Five flat lying basalt sites were investigated in order to gather data on low relief/flat lying basalts. The two main sites of this investigation were researched in the Kruger National Park (KNP) on the southern basalts (Nhlowa) a high rainfall area, and on the northern basalts (Mooiplaas) a low rainfall area. These are two of four research supersites created in the Kruger National Park in order to create cross-disciplinary data rich sites. A mineralogical and chemical analysis for comparison of the parent rock and soil profiles between these two sites were undertaken. The Sibasa Formation basalts at Siloam and the Springbok Flats basalts at Roedtan and Codrington are three additional low relief basalt sites, in different rainfall areas. These sites were investigated to compare to each other and to the KNP sites.
XRF and XRD data were used together with profile development in their respective different climatic environments and basalt origins to determine the weathering progression and characteristic of low relief basalts. This was done by studying the depletion and enrichment of major and trace elements (Fe, Ca, Mg, Na, K, Ti, Y, Zr) through the profile from basaltic rock to residual soil. Furthermore, identifying the breakdown of primary minerals, such as Augite and Plagioclase, to secondary Smectite minerals further supports the identification of weathering progression in low relief basaltic rock. This can potentially aid in pre-planning of engineering geological investigations on residual basaltic soils. Additional information on the Atterberg Limits will also be presented in order to start to determine the effect low relief basalt weathering has on the engineering properties of the residual basalt soils.

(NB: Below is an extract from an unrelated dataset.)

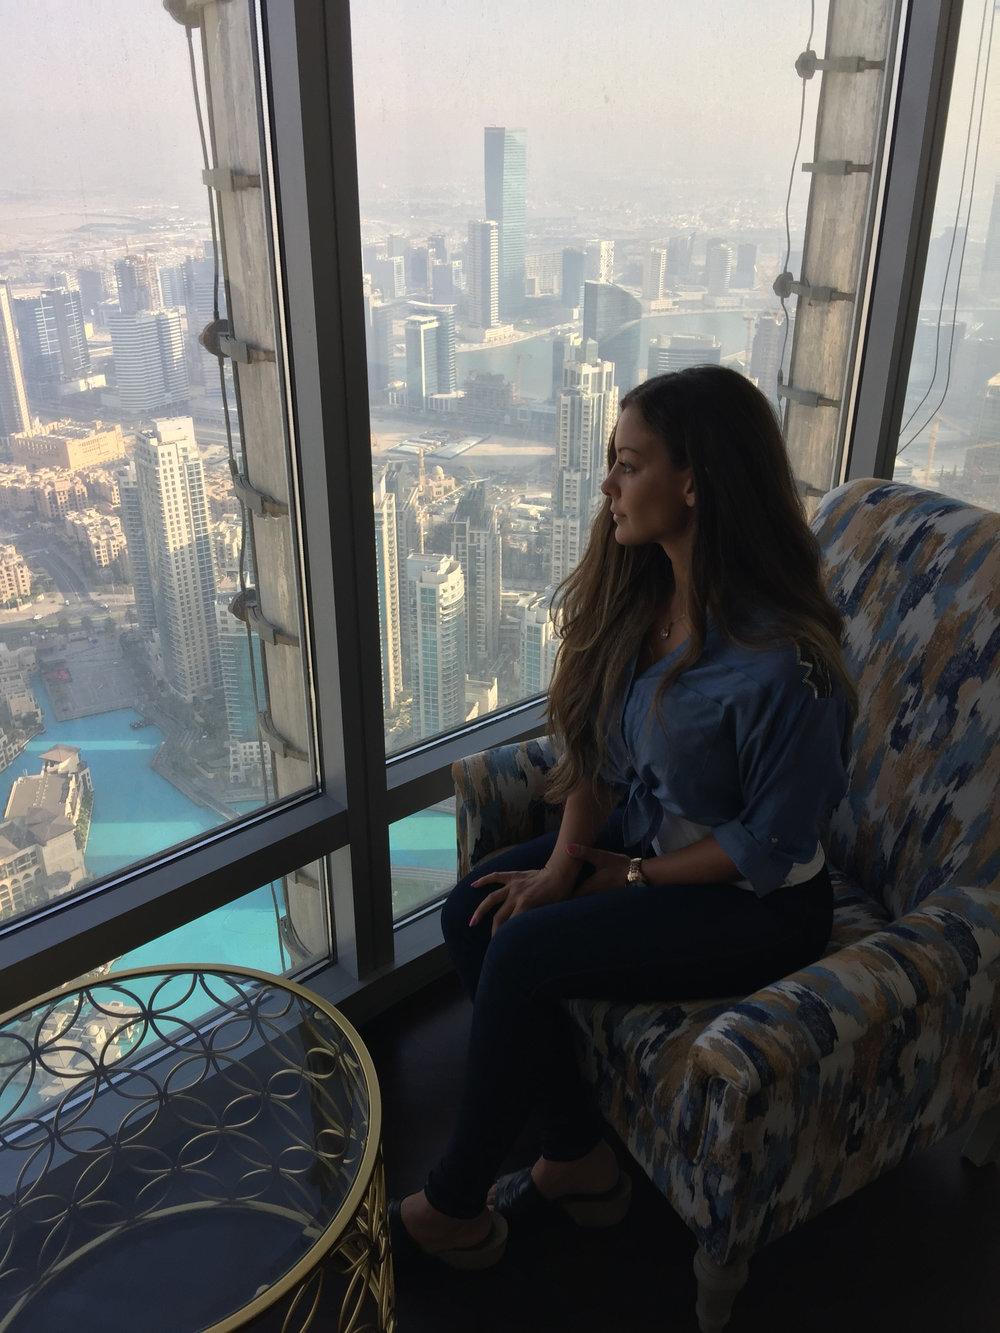 visiting ferrari dubai burj khalifa room travel blogger influencer vlogger carla maria bruno advantures.jpg

In setting out to determine the influence different climatic conditions contribute to the weathering process and soil profile development of low relief basalts, it became clear that research of a specific rock type in a single setting is not sufficient. In order to truly understand the behaviour of basalt weathering, a combination of low relief, mountainous other settings in variable climatic conditions are necessary. This study shows the significant effect a moderate shift in climatic conditions such as rainfall and evaporation intensity have on the development of residual soils on low relief basalts, such as pedocrete and secondary mineral formations.